La visita a ese felino escarlata ha estado restringida desde 2006. Las razones son obvias: grafiti en las paredes sin ningún respeto por el frágil estuco maya, paredes del templo verdosas y enmohecidas por las bacterias de las manos, sudor y aliento de los turistas, además de un riesgo inminente de accidentes ante un número masivo de visitantes. 

 

Grafiti de turistas sin respeto por el patrimonio cultural. Foto: Inah

 

 

un Jaguar Rojo y Chac Mool atrapados entre paredes cubiertas por hongos y bacterias transportadas por el turismo. Foto: Inah

 

El Jaguar Rojo y su compañero -un espectacular Chac Mool con ojos de obsidiana- merecían ser protegidos y estudiados a mayor detalle. Esa labor ha sido una prioridad en el trabajo del Inah y sus especialistas en los últimos años.

 

La muerte del jaguar

Hace mil 300 años, el entonces gobernante de Chichén Itzá ascendió por la escalinata de la antigua pirámide, entró en el templo central y ahí, con enorme respeto y algo de tristeza, procedió a dar muerte ritual al Jaguar Rojo que le había servido como trono. 

No era un tema menor. Ese trono le permitía al Halach Uinik convertirse espiritualmente en un jaguar protector de la ciudad y su gente, pues existe la hipótesis de que Chichén Itzá tenía un felino guardián en cada punto cardinal, mismos que coincidían con la alineación de cuatro cenotes en la urbe maya. 

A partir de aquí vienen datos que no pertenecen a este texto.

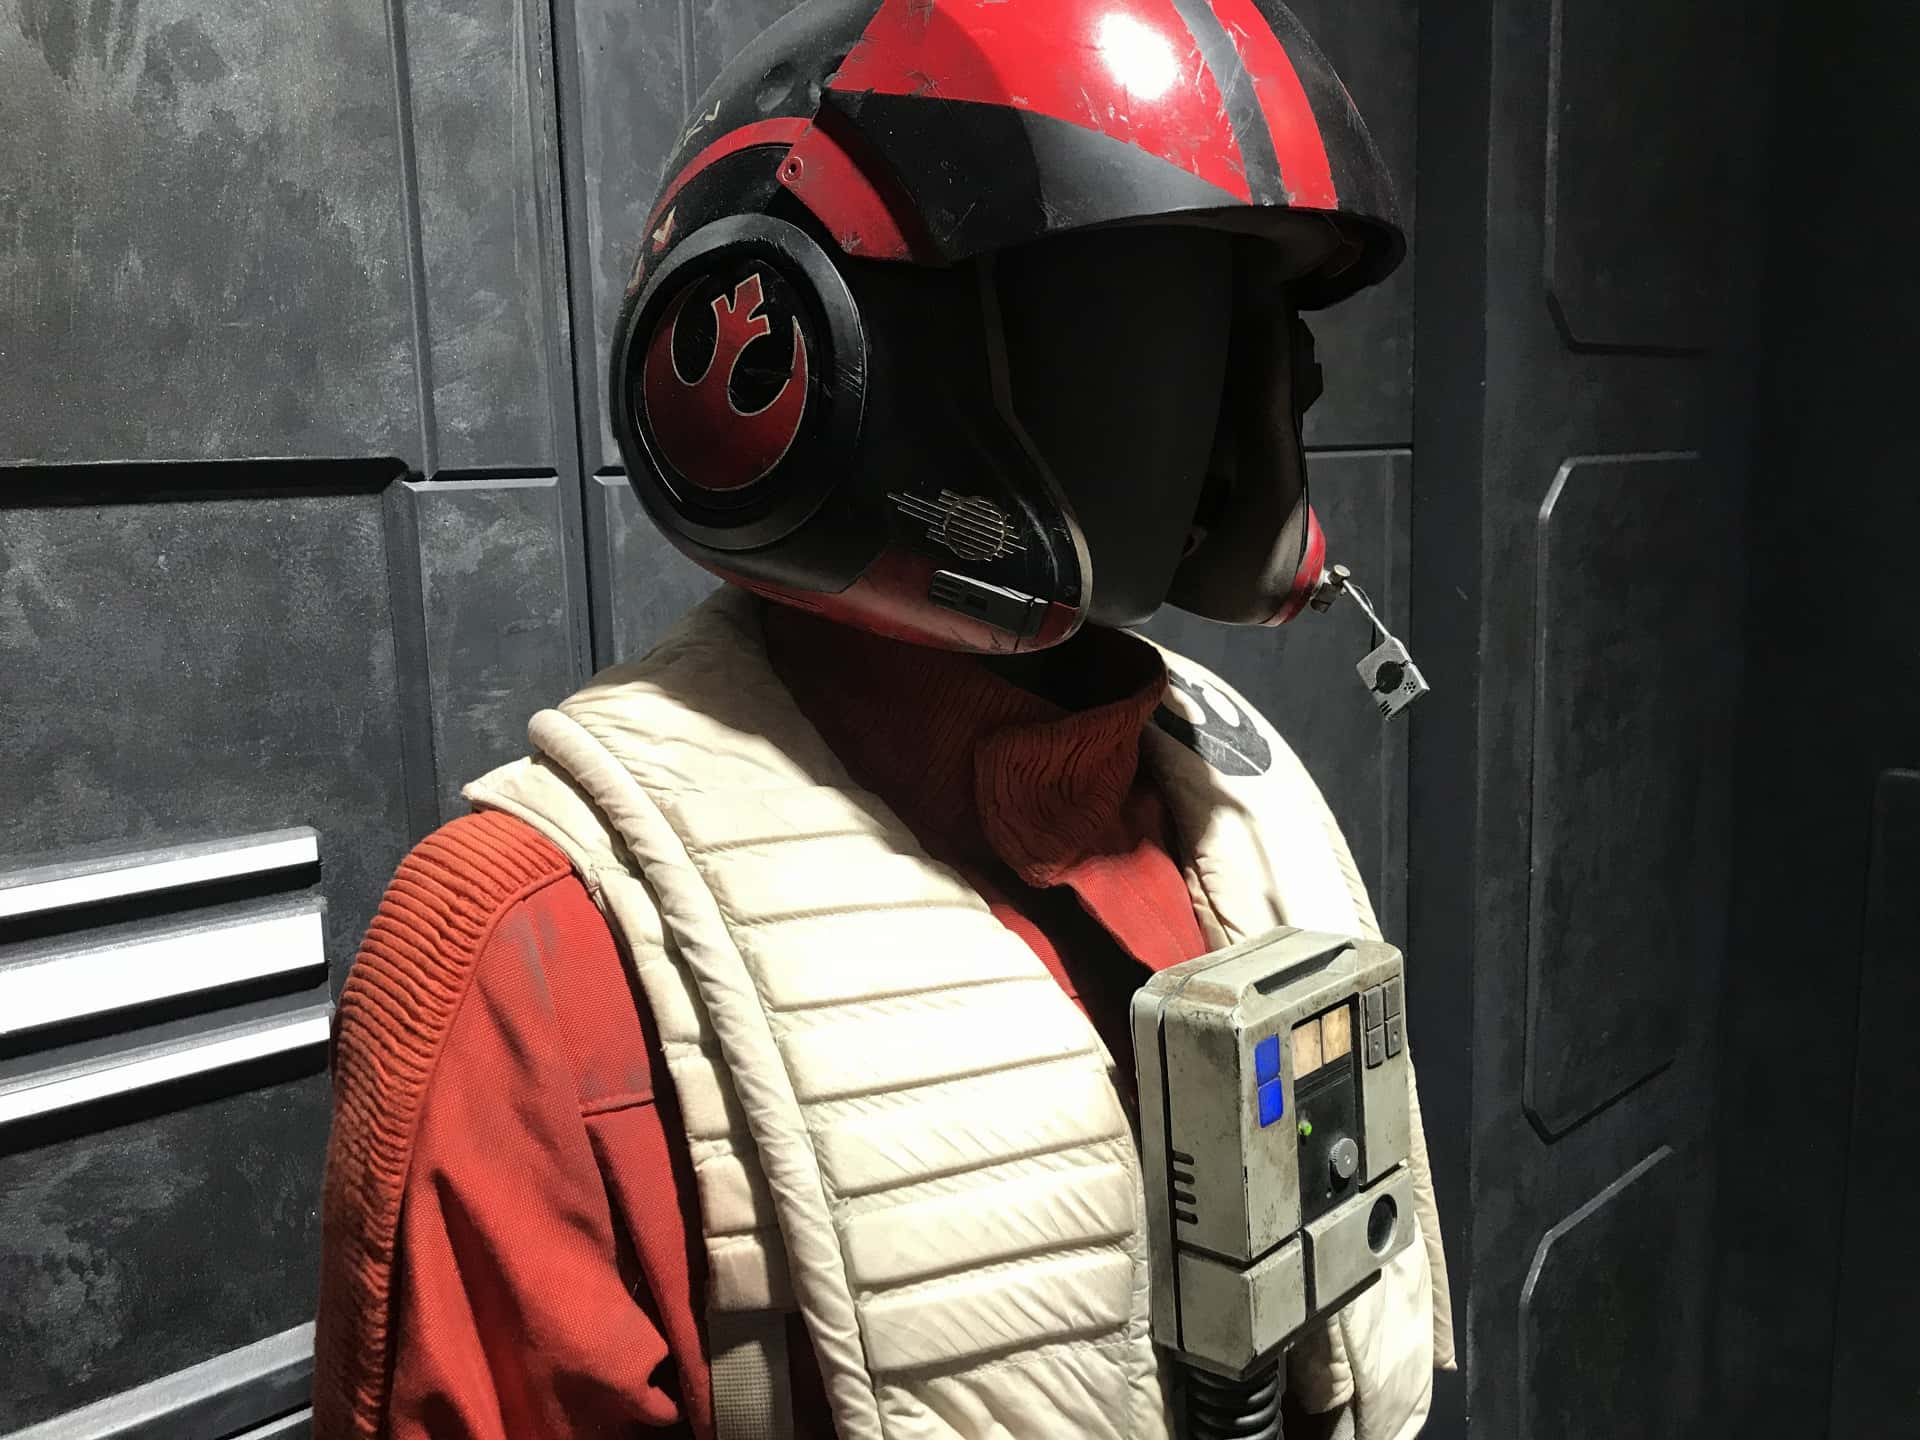 Star Wars Os Últimos Jedi NYCC (46)

El gobernante, al sentarse en ese trono de propiedades mágicas en la pirámide principal, se transformaba -en un acto de nahualismo- en el quinto y más importante de los jaguares: el que estaba al centro de todos. 

Alineación de los cenotes en Chichén Itzá y probable alineación de los jaguares guardianes. Foto: Octavio Juárez / Inah

 

 

El trono era, por tanto, una pieza que reflejaba algo de la individualidad de quien se sentaba ahí. Por esa razón, vale la pena hacer notar que el Jaguar Rojo no tiene una actitud feroz. Claro que era un jaguar fuerte, con grandes garras y colmillos, por si hacían falta; sin embargo, el felino tiene una expresión innegablemente sonriente. La sonrisa de una civilización y una dinastía que -en ese momento histórico- confiaba en sí misma y estaba en plena expansión. 

 

Nadie puede negar la expresión feliz antes que feroz del Jaguar Rojo, en una era cuando la ciudad se preparaba para alcanzar su esplendor.  Foto: Octavio Juárez / Inah

 

Adicionalmente, el templo o salón del trono se encontraba rodeado por paredes donde estaban incrustados los restos óseos, probablemente, de gobernantes previos. Uno puede arriesgarse a proponer que en esos muros están los húmeros y fémures del linaje de toda la dinastía, prestando su protección y legitimidad al Halach Uinik en turno. 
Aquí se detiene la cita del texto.